Ibrun (before SystemTopology) outputs
IBRUN: Even number of ranks per node (4)--hacking nodefile... IBRUN: Running on 3 unique nodes IBRUN: Will place 4 ranks on comet-19-36 with 6 threads each IBRUN: Will place 4 ranks on comet-19-40 with 6 threads each IBRUN: Will place 4 ranks on comet-25-64 with 6 threads each IBRUN: Nodefile is /tmp/lTL5bQXemw IBRUN: MPI binding policy: illogical/arbitrary for 6 threads per rank (12 cores per socket) IBRUN: Adding OMPI_MCA_btl_openib_use_rd_max=2048 to the environment IBRUN: Adding OMPI_MCA_btl_openib_use_srq=1 to the environment IBRUN: Adding OMPI_MCA_btl=self,vader,openib to the environment IBRUN: Adding OMPI_MCA_btl_openib_ib_timeout=23 to the environment IBRUN: Added 4 new environment variables to the execution environment IBRUN: Command string is [orterun --bind-to core --map-by socket -n 12 ...
and looking at the core binding it bids thread 0 of every rank to core 0 ie oversubscribing core 0 by the number of MPI ranks on the node.

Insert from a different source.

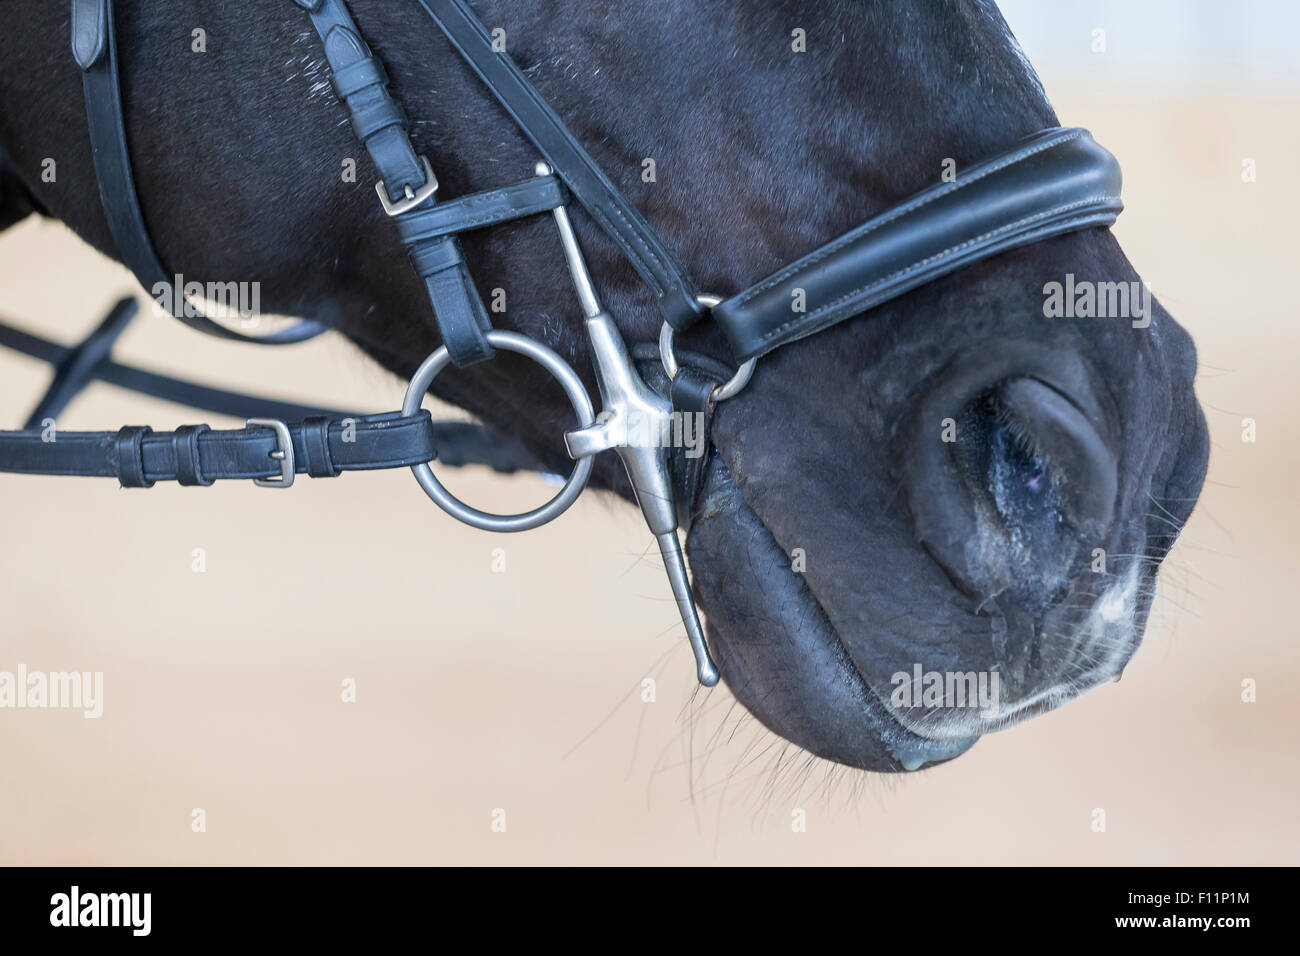 Caballo negro adulto snaffle Warmblood mejillas Imagen De Stock

ibruns docs (https://www.sdsc.edu/support/user_guides/comet.html) say
--npernode <n> only launch n MPI ranks per node (default: ppn from resource manager) --tpr|--tpp|--threads-per-rank|--threads-per-process <n> how many threads each MPI rank (often referred to as 'MPI process') will spawn. (default: $OMP_NUM_THREADS (if defined), <ppn>/<npernode> if ppn is divisible by npernode, or 1 otherwise) --switches '<implementation-specific>' Pass additional command-line switches to the underlying implementation's MPI launcher. These WILL be overridden by any switches ibrun subsequently enables (default: none) -bp|--binding-policy <scatter|compact|none> Define the CPU affinity's binding policy for each MPI rank. 'scatter' distributes ranks across each binding level, 'compact' fills up a binding level before allocating another, and 'none' disables all affinity settings (default: optimized for job geometry) -bl|--binding-level <core|socket|numanode|none> Define the level of granularity for CPU affinity for each MPI rank. 'core' binds each rank to a single core; 'socket' binds each rank to all cores on a single CPU socket (good for multithreaded ranks); 'numanode' binds each rank to the subset of cores belonging to a numanode; 'none' disables all affinity settings. (default: optimized for job geometry)
though whatever it picked is not very optimal given that it realized that there are 6 threads per rank.